ABOUT THIS TASK
Would you repeat the whole listing exactly, pictures excluded?

INFORMATION PROVIDED
=-=-=
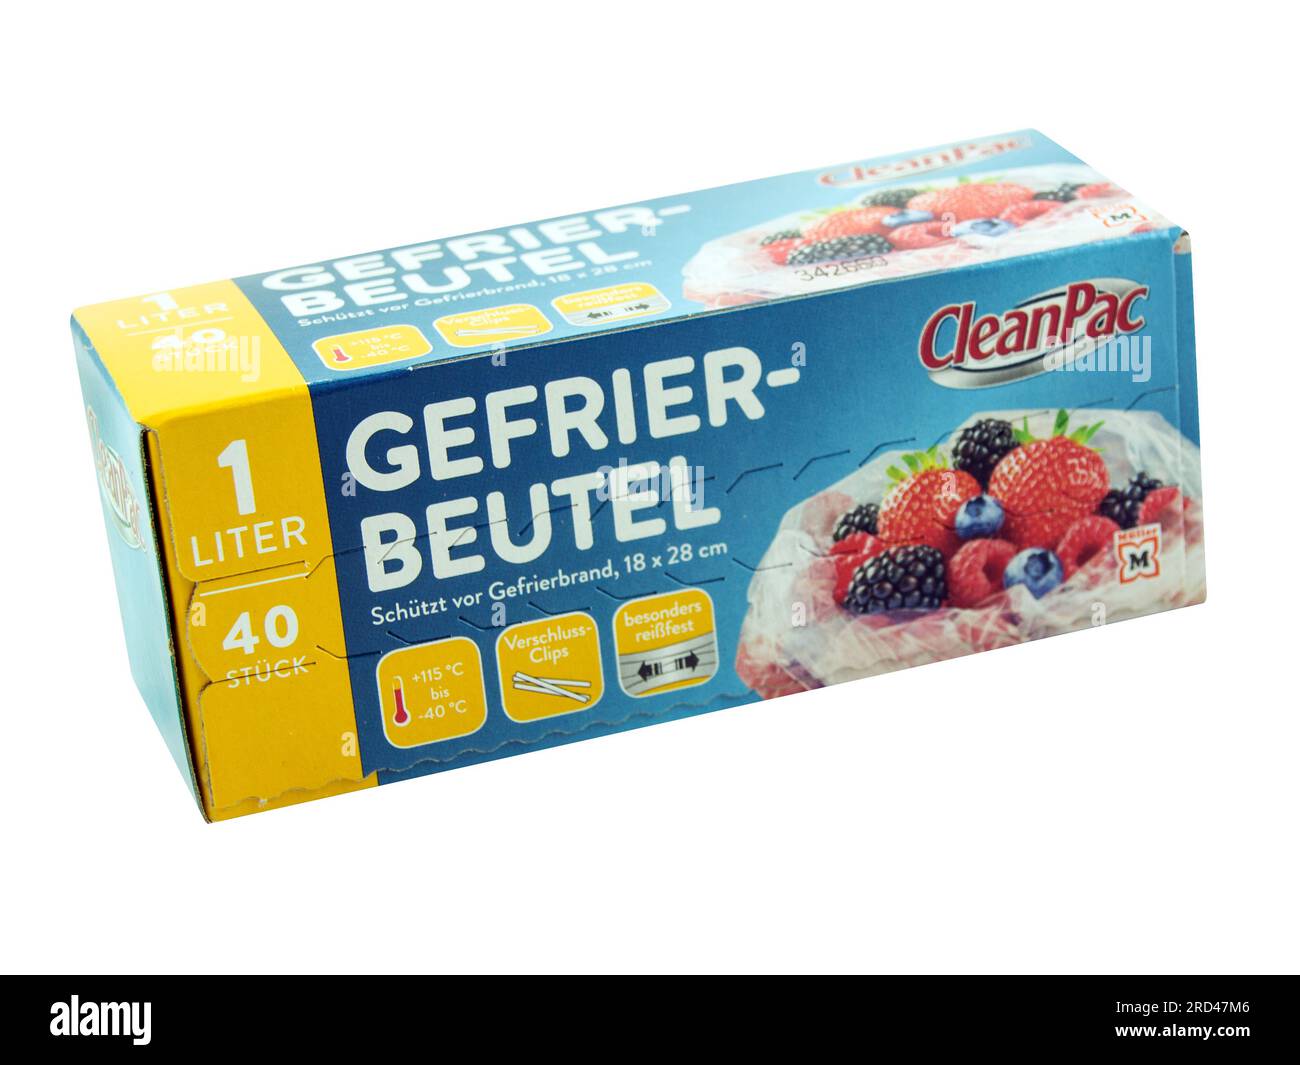 Hamburg, Germany - July 18  2023: Müller Clean Pac, Gefriebeutel 1,  Liter im Pappkarton  auf weißem Hintergrund Stock Photo
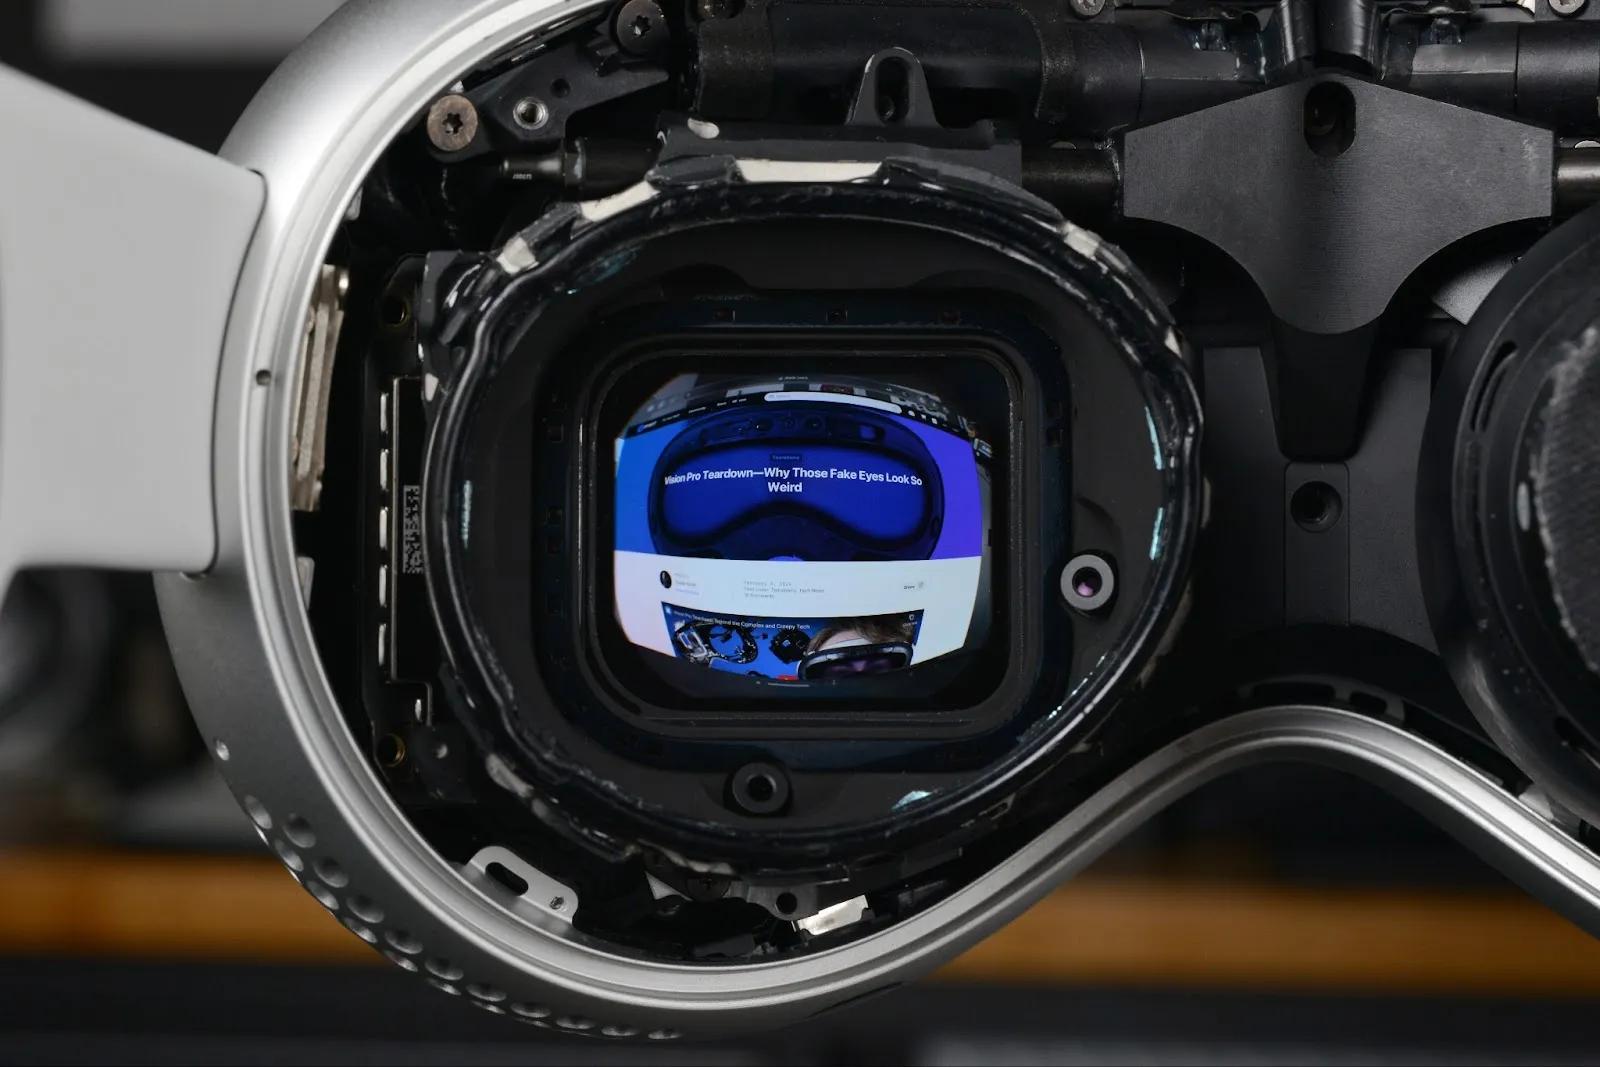 iFixit 用显微镜观察 Vision Pro 的 MicroOLED 显示真正的分辨率
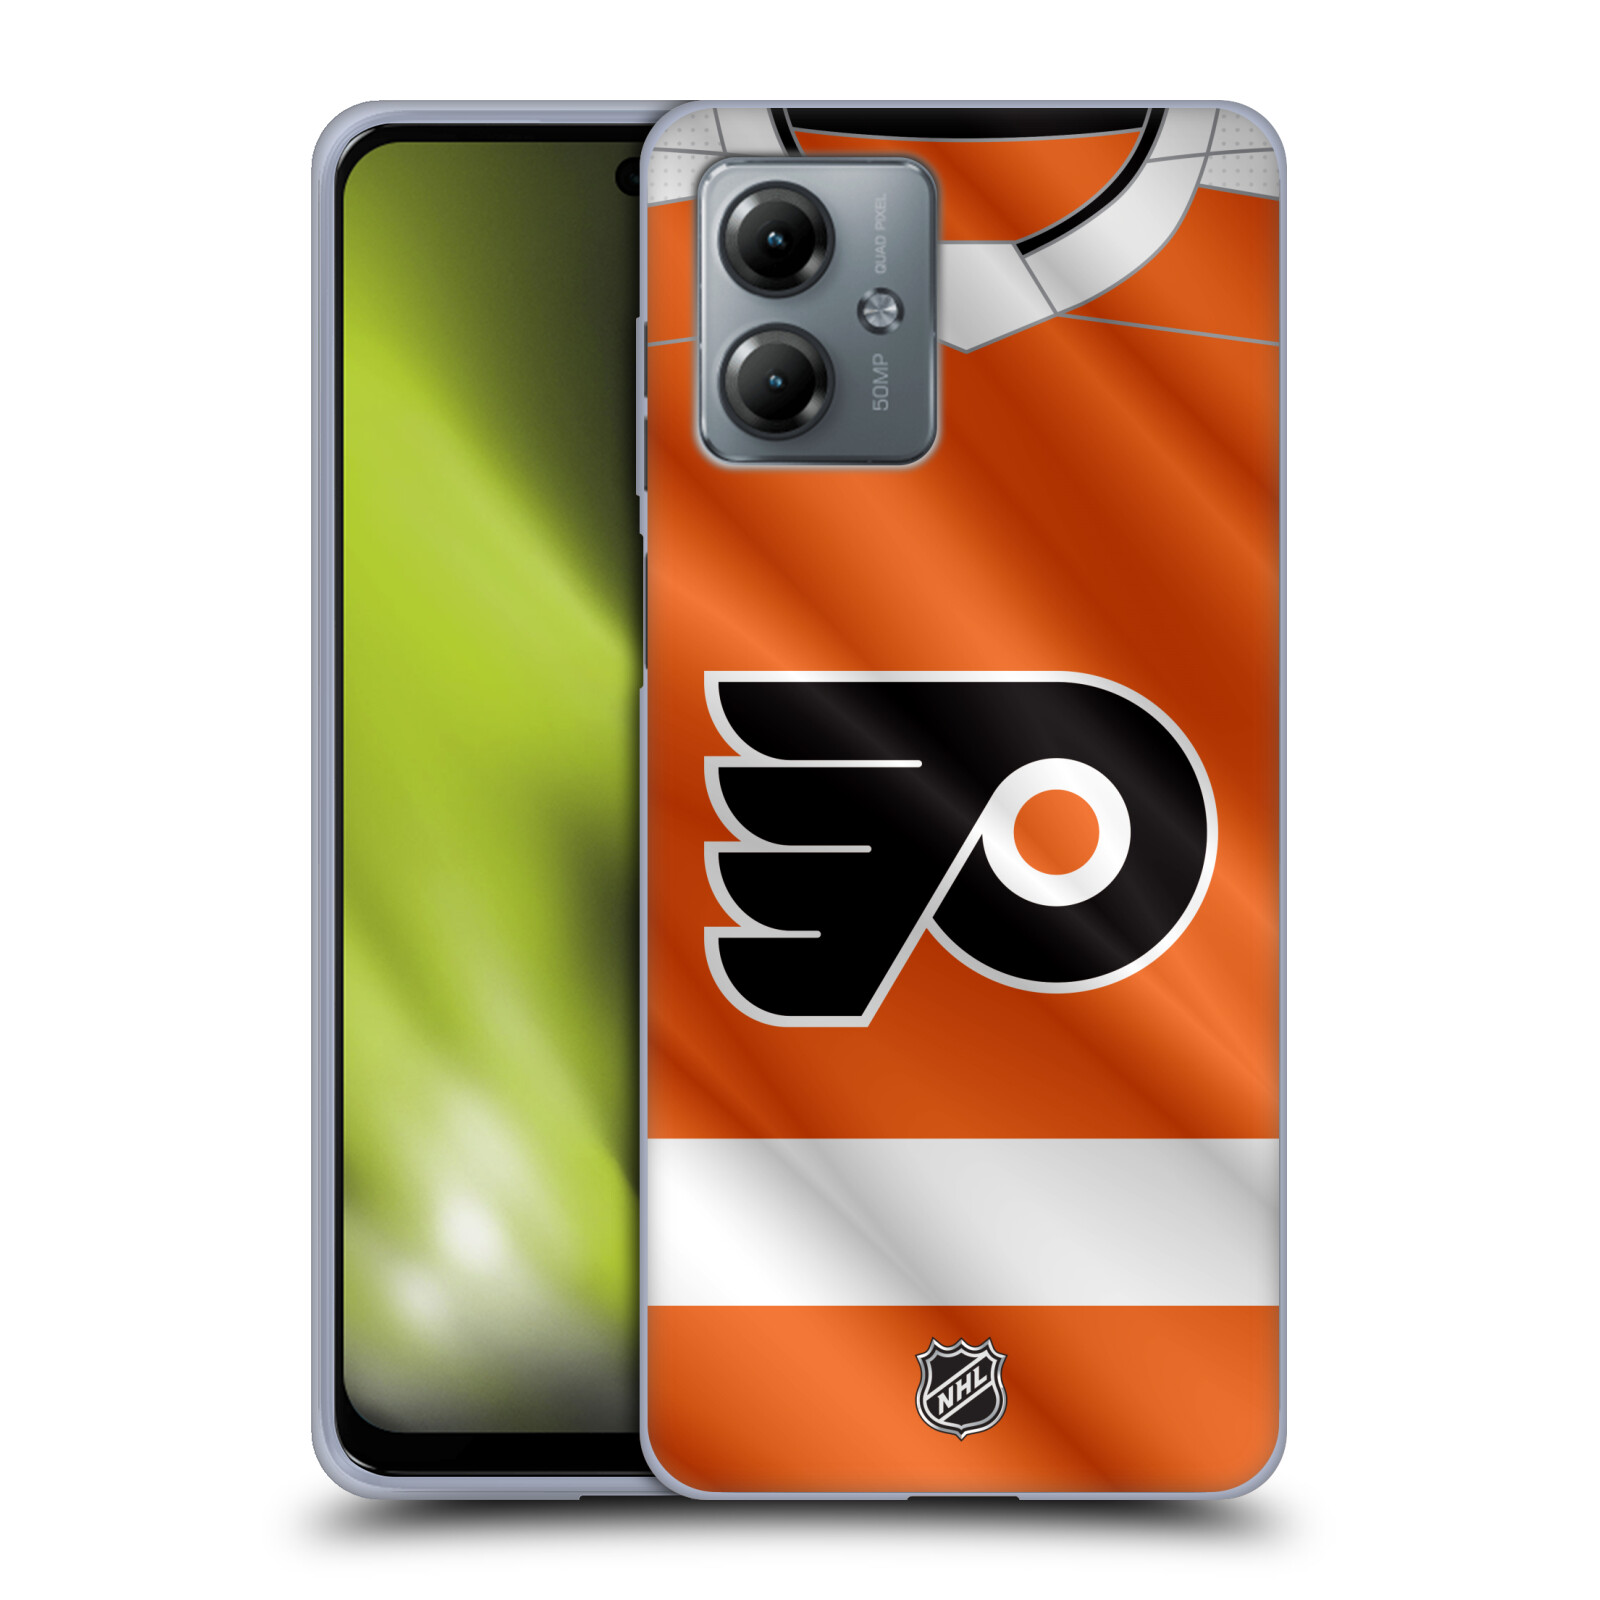 Silikonové pouzdro na mobil Motorola Moto G14 - NHL - Dres Philadelphia Flyers (Silikonový kryt, obal, pouzdro na mobilní telefon Motorola Moto G14 s licencovaným motivem NHL - Dres Philadelphia Flyers)
=-=-=
REPLY TO THE EXERCISE
 Hamburg, Germany - July 18  2023: Müller Clean Pac, Gefriebeutel 1,  Liter im Pappkarton  auf weißem Hintergrund Stock Photo
 iFixit 用显微镜观察 Vision Pro 的 MicroOLED 显示真正的分辨率
 Silikonové pouzdro na mobil Motorola Moto G14 - NHL - Dres Philadelphia Flyers (Silikonový kryt, obal, pouzdro na mobilní telefon Motorola Moto G14 s licencovaným motivem NHL - Dres Philadelphia Flyers)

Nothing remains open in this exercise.